10. Sistema de acuerdo con la reivindicación 9, caracterizado porque, en dicho recipiente de almacenamiento intermedio (14) , la solución obtenida se somete a vórtice o rotación para obtener una distribución homogénea y purificada de bacteriófagos.

11. Sistema de acuerdo con la reivindicación 7, caracterizado porque dicha unidad de filtración (5) tiene unos poros cuyo tamaño es igual a 1.000 nanómetros, y dicho sistema comprende una unidad de filtración (9) adicional que contiene unos poros cuyo tamaño es igual a 200 nanómetros.

12. Sistema de acuerdo con la reivindicación 11, caracterizado porque dicha unidad de filtración (5) y dicha unidad de filtración (9) adicional son del tipo rotatorio.

13. Sistema de acuerdo con la reivindicación 7, caracterizado porque dicha unidad de filtración rotatoria (7) se divide en dos unidades de filtración rotatoria (7A, 7B) separadas idénticas, estando la primera (7A) de dichas unidades de filtración rotatoria (7A, 7B) separadas conectada con dicha unidad de filtración (5) y estando adaptada para realizar una primera filtración por rotación, en la que los bacteriófagos permanecen en solución en el material retenido, estando la segunda (7B) de dichas unidades de filtración rotatoria (7A, 7B) separadas conectada con dicha primera unidad de filtración rotatoria (7A) y estando adaptada para realizar una segunda filtración por rotación con contraflujo con respecto a dicha primera unidad de filtración rotatoria (7A) , en la que los bacteriófagos se someten a elución y la solución obtenida se somete a vórtice o rotación para obtener una distribución homogénea y purificada de bacteriófagos.

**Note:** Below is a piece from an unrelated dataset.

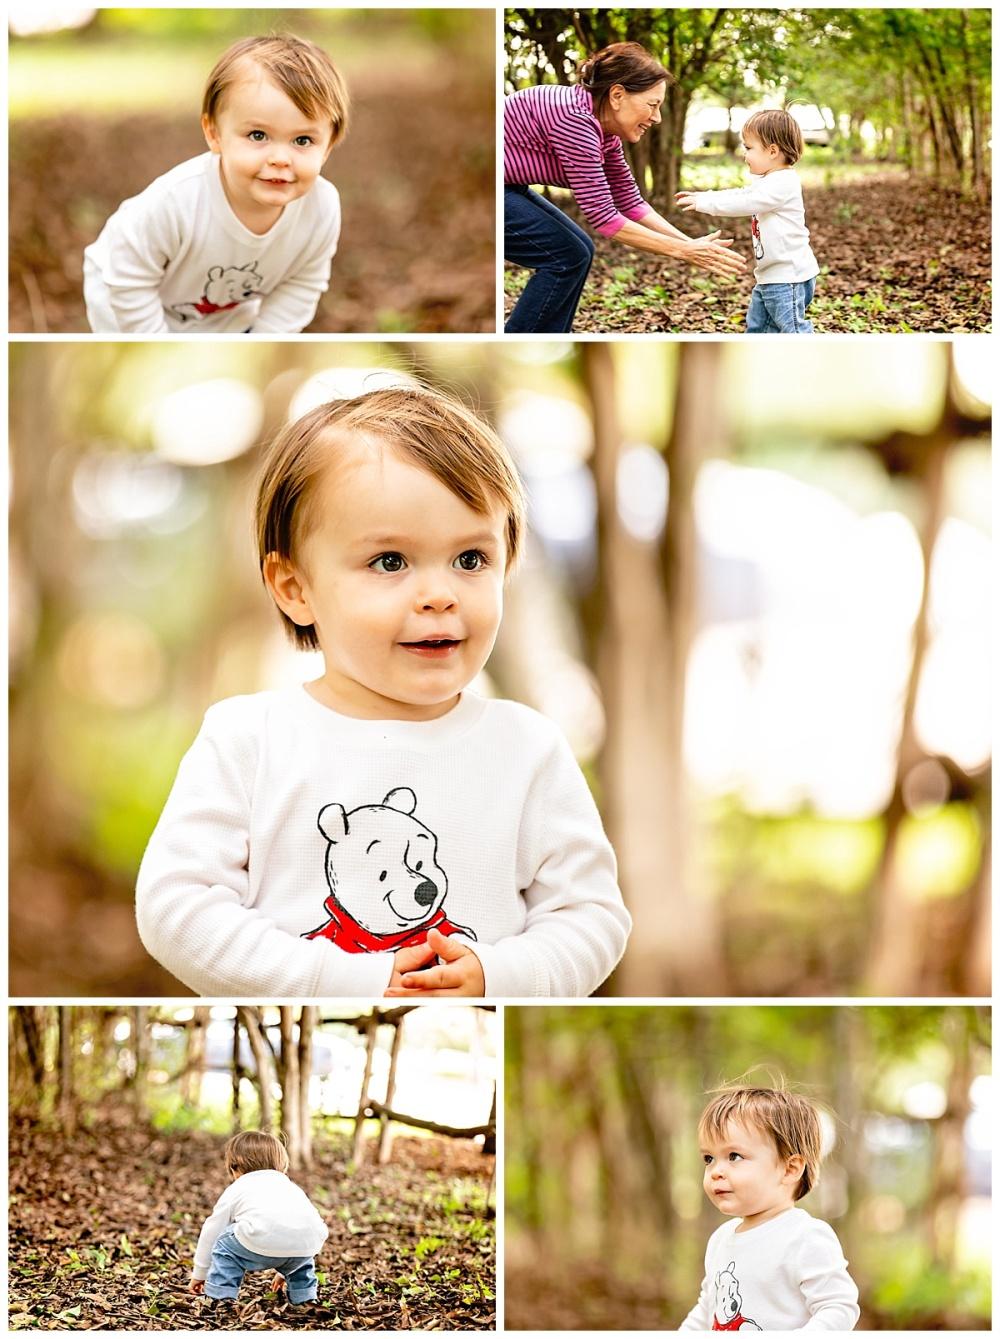 Family-Photographer-Gruene-Texas-Fall-Carly-Barton-Photography_0009.jpg

14. Sistema de acuerdo con la reivindicación 7, caracterizado porque dicha unidad de filtración rotatoria (7) está adaptada para realizar por primera vez una primera filtración por rotación, en la que los bacteriófagos permanecen en solución en el material retenido, y posteriormente está adaptada para realizar por separado una segunda filtración por rotación con contraflujo con respecto a dicha primera filtración por rotación, en la que los bacteriófagos se someten a elución y la solución obtenida se somete a vórtice o rotación para obtener una distribución homogénea y purificada de bacteriófagos.

15. Sistema de acuerdo con la reivindicación 7, caracterizado porque dicha unidad de filtración rotatoria (7) está adaptada para desmontarse de uno de dichos sistemas y dicha unidad de filtración rotatoria (7) desmontada está adaptada para insertarse en otro de dichos sistemas.